Can God Be Benevolent if He Sends Your Children to Hell?

Why does God do the crazy stuff that he does—demand genocide, support slavery, flood the world? He’s the one with the perfect morals, and yet his actions and rules don’t even meet the moral standards we have set for ourselves today. In particular, how can he be “benevolent” if he sends children to hell?

Is it reasonable to criticize God?

Since we’re asking why God would send children to hell, let’s critique “Asking Why God Would Do X Is Crazy.”

Sometimes you’ve just got to admire the audacity of some Christian authors. The article begins by assuming God and then browbeating any reader who would question God.

What [God’s critic] sees the world to be like, he finds inconsistent with how he believes God should have done things, and he believes that since God has failed at doing things the way he would have done them, that therefore He does not exist.

What does not exist is the Christian God as an all-good being. You need only read the Bible to see that the tyrant described there isn’t all-good. (Or you can redefine “good,” which seems to be a popular fallback.)

One aspect of the article’s argument is pointing out that the critic is a mere human. How can humans judge God? But of course they don’t judge God; they judge claims about God. Sure, we’re imperfect, but we’re all we’ve got. We evaluate claims to the best of our ability. Christianity can ask nothing more of us.

Moving on, the article jumps the shark with its God assumption, all backed with no evidence:

The audacity to think that God’s ordering of reality based on His omnipotence is faulty compared to the way we would order reality given our limited knowledge.

At the heart of the question is the implicit belief that the person asking knows more than God.

[The critic thinks] that he himself has the more rational view of how, if he were God, would have dealt with the world.

Are the atheists good and chastised?

No, the error is not critiquing God claims but assuming God into existence. Starting by assuming God is the Hypothetical God Fallacy. As for the challenge about the critic having the more rational view, no it’s not arrogant to think that the modern-day critic is more rational than the 10th-century BCE tribesmen who began documenting the mythology that became our Bible.

The author concludes with roughly the response that God gave when Job questioned God’s cruel actions.

God’s purposes are God’s business. If He had intended for us to know something, the answer would be available. Things He did not intend for us to know, we may merely speculate about.

So STFU, stop complaining, and accept that God exists and has good reasons whether you understand or not.

Contestant #2

Let’s move on to another response, this one from William Lane Craig (WLC). Will he bring a higher caliber argument?

His article is, “Worshiping a God Who Might Damn Your Children,” in which WLC responds to a question from Dale:

How can you worship a God who might send your children to Hell?

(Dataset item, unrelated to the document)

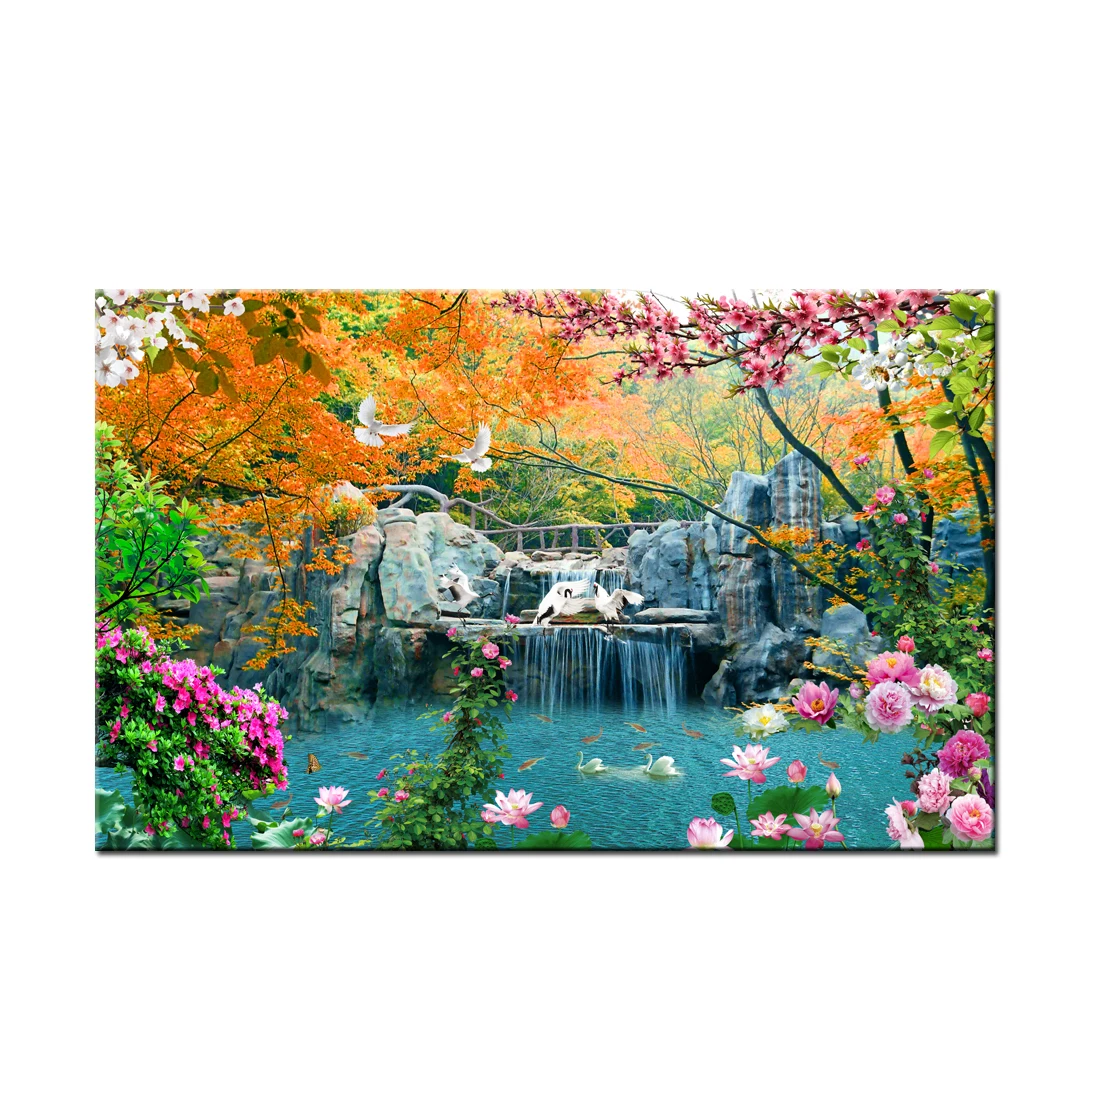 

Wall Art Canvas Print Painting Forest Waterfall Landscape Nature Flowers HD Picture Living Room Home Decor HYS2017

Would you send your child to an eternity of suffering, simply because of thoughts in their heads? If your children lead wonderful lives, but don’t believe that Jesus Christ died for their sins, would you send them to hell? What if they just can’t wrap their heads around the concept? . . . How can you love and worship a God who you believe would do that to your children?

WLC begins with a point of order.

There are actually two different questions here which are being run together, the first a psychological question (“How can you love and worship a God who you believe would do that to your children?”) and the second a philosophical question (“How can you think that is a fair and reasonable thing for anyone or anything to do?”).

Okay, let’s go with that. WLC then dismisses the “psychological question” as a red herring.

It is [just] a request for an autobiographical report about one’s subjective condition. As such, its answer will be person-relative and have nothing to do with objective truth.

Objective truth? Does such a thing exist for morality? You’ve certainly never given a reasonable defense of objective morality that I’ve ever seen (more here, here). Don’t base your argument on objective morality without first showing it exists.

A Word to the Wise: Whenever people pose questions beginning “Would you . . .” or “If you were . . .,” then you know immediately that it is a question designed merely to put you in an awkward position, not to get at truth.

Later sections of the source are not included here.